3. Share Buy Backs in Private Joint Stock Companies
Initially, Article 168 of the Companies Law was interpreted to apply only to public joint stock companies. However, the UAE Ministry of the Economy’s interpretation has since evolved and it allows private joint stock companies to buy back their own shares in the terms set out in Article 168 if approved by the extraordinary general assembly of the private joint stock company, a requirement not reflected in Article 168 of the Companies Law. This requirement to obtain general assembly approval is not imposed in the case of public joint stock company.
However, recently because private joint stock companies have recently pressed to access the flexibility offered by share buy-back, the Ministry of Economy has modified its position and has been applying the provisions of Article 168 CCL to private joint stock companies without imposing the general assembly approval requirement.

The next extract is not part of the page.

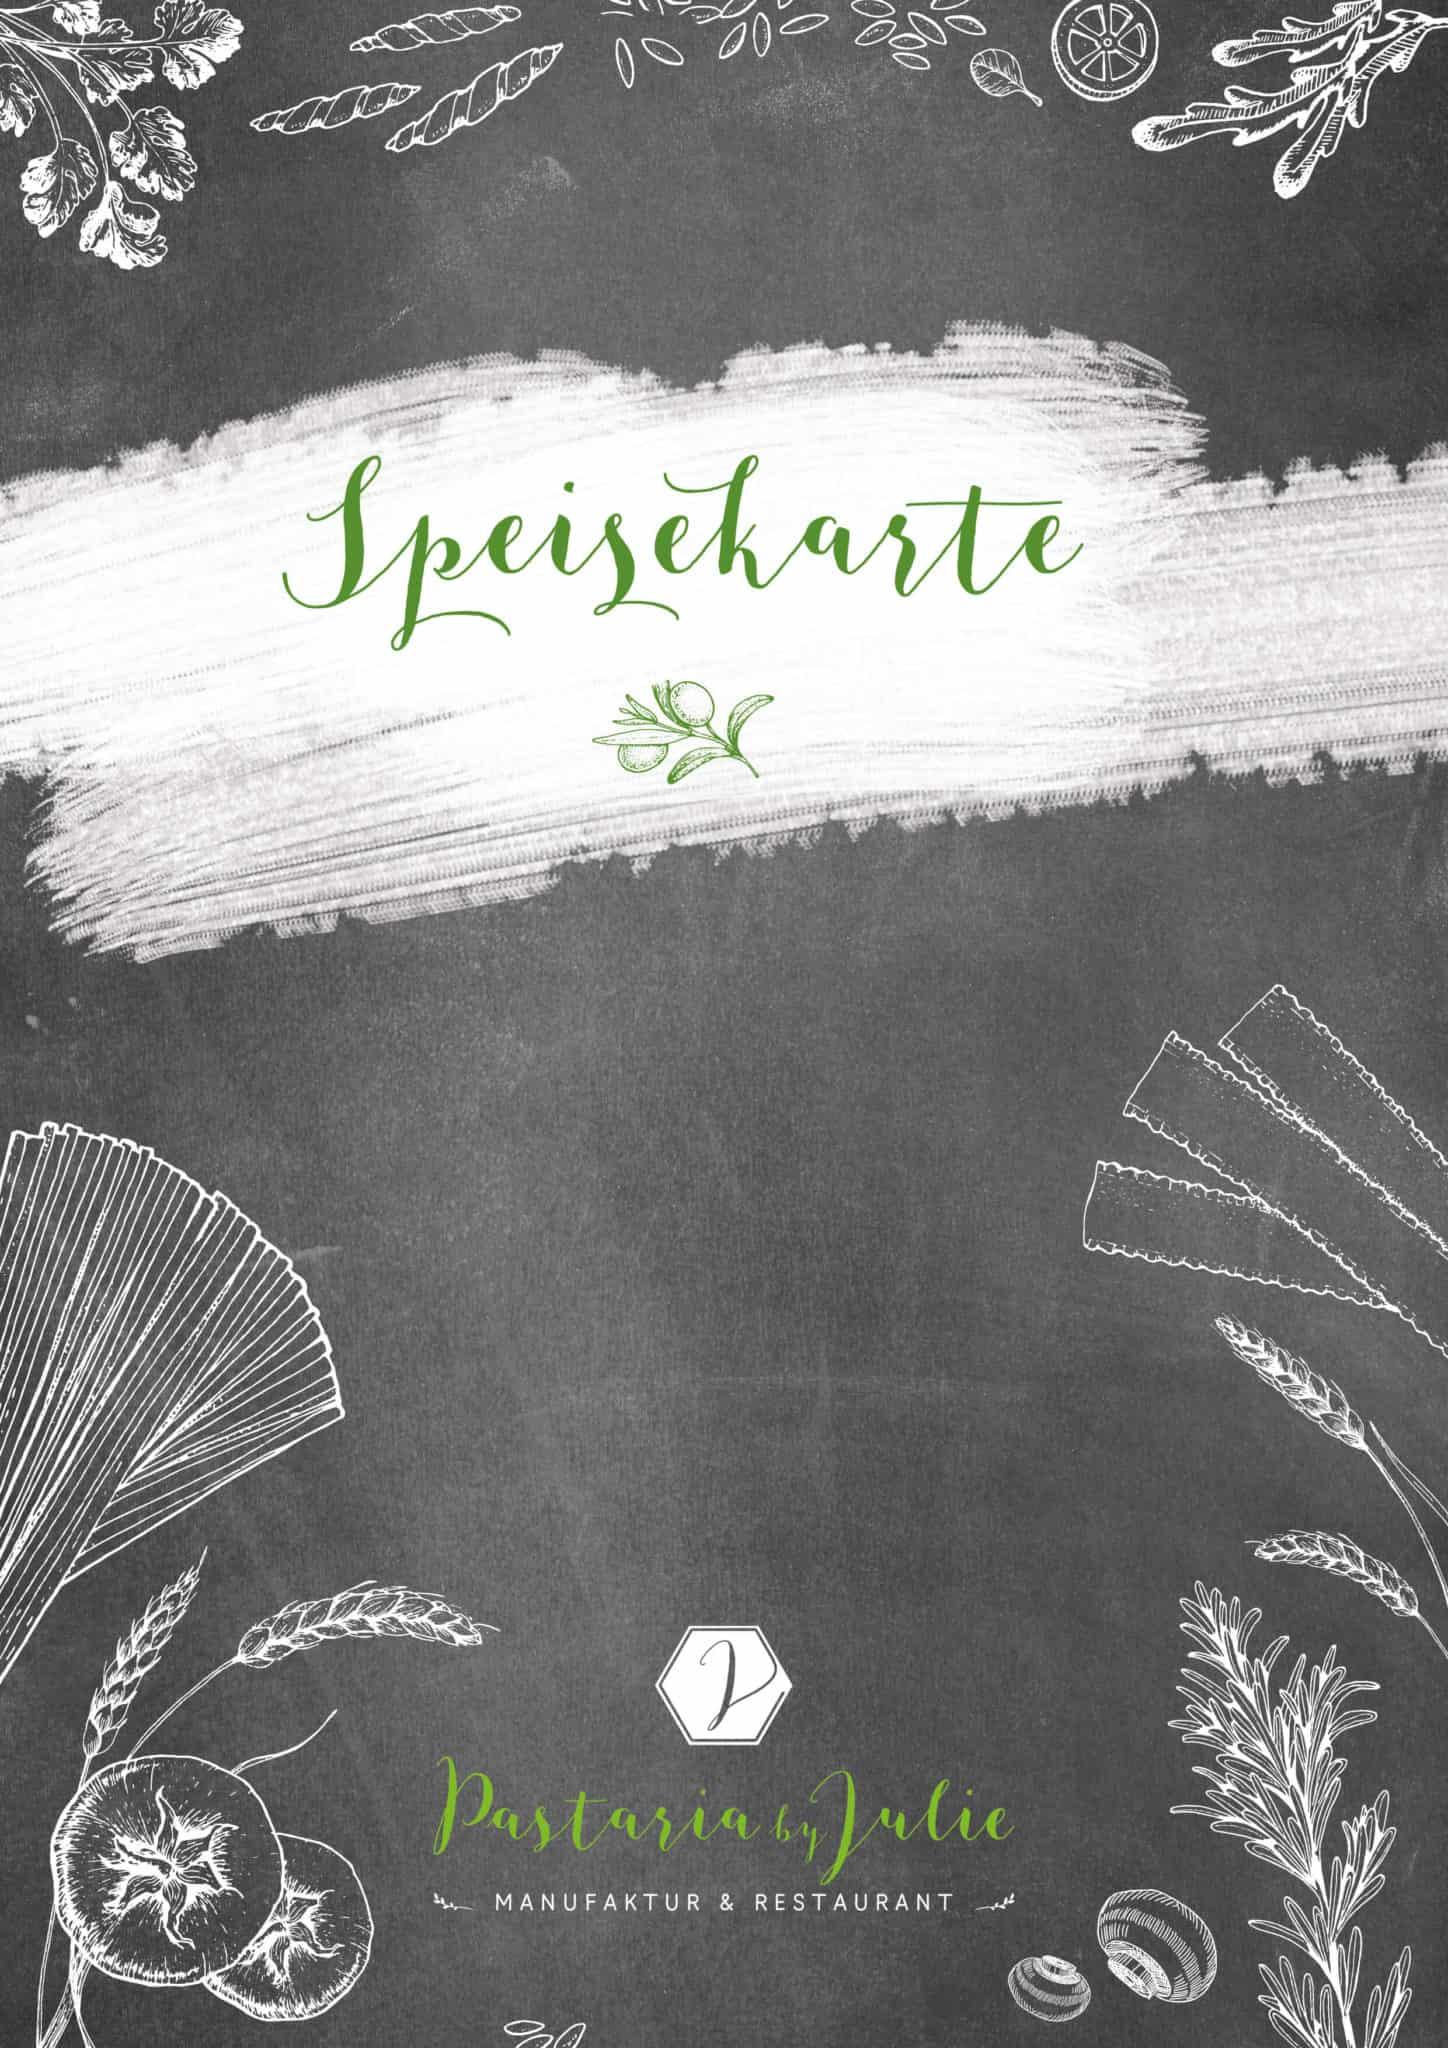 Kartendeckel Pastaria 1

4. Why Do Private Joint Stock Companies Buy Back Shares?
Private Joint Stock Companies buy back their shares to reconcile incompatible needs or perceptions between different shareholders. If some shareholders need cash and want their investment liquidated, the company can facilitate this outcome upon terms which are fair to the continuing shareholders. If some shareholders have less confidence than others in the company’s prospects, the company can likely facilitate their exit and possibly head off conflicts amongst the shareholders.
5. In How Can Private joint Stock Companies Buy Back their Own Shares
Article 168 of the Companies Law set out parameters to be followed for shares buy-back. These conditions have been adjusted to fit the form of private joint stock companies:
1. The company shall obtain the approval of the Ministry of Economy prior to the purchase;
2. The company’s board of directors shall carry out the purchasing process during a period not exceeding one year from the date of the Ministry of Economy’s approval;
3. The company shall have a cash surplus to meet the purchasing process without using the capital or legal reserve in the purchasing process;
4. The purchasing process shall be advertised to the public in two local daily newspapers of wide circulation with one of them at least being in Arabic, and a period not less than two weeks must elapse between the date of announcing the company’s intention to purchase and the actual purchasing;
5. The company shall not conduct any selling process whilst carrying out the announced purchasing processes and the selling of the purchased shares shall be conducted within a period not exceeding two years from the date of last purchase. However, if the sale is not completed during the specified period, the purchasing process shall be considered to have been made for reducing the capital and consequently the purchased shares shall be cancelled;
6. The company shall not issue any new shares before completing the selling process of the purchased shares;
7. The process of the company’s purchasing of its shares shall not be carried out within a period of (15) days before and (3) days after the advertising of the financial details of the company or any substantial information which is likely to affect the share price (whether by an increase or a decrease);
8. The company shall not re-apply for approval to purchase its shares with the intention of selling them except after expiry of not less than one year from the date of the latest selling of its purchased shares;
9. The company, if it is a bank, shall obtain the approval of the central bank before the purchasing and it shall undertake to finance the purchasing process from financing sources in accordance with the rules set by the central bank in this respect;
10. No member of the company’s board of directors or any of its executive managers shall be a party to the purchasing and selling processes which are carried out by the company;
11. Disclosure of the purchasing and selling processes of the company shares shall be made in the quarterly report which is issued by the company.
It is worthwhile noting that shares purchased with the intention of being sold shall lose their right to attain dividends and the right to vote at the general assemblies until they are resold.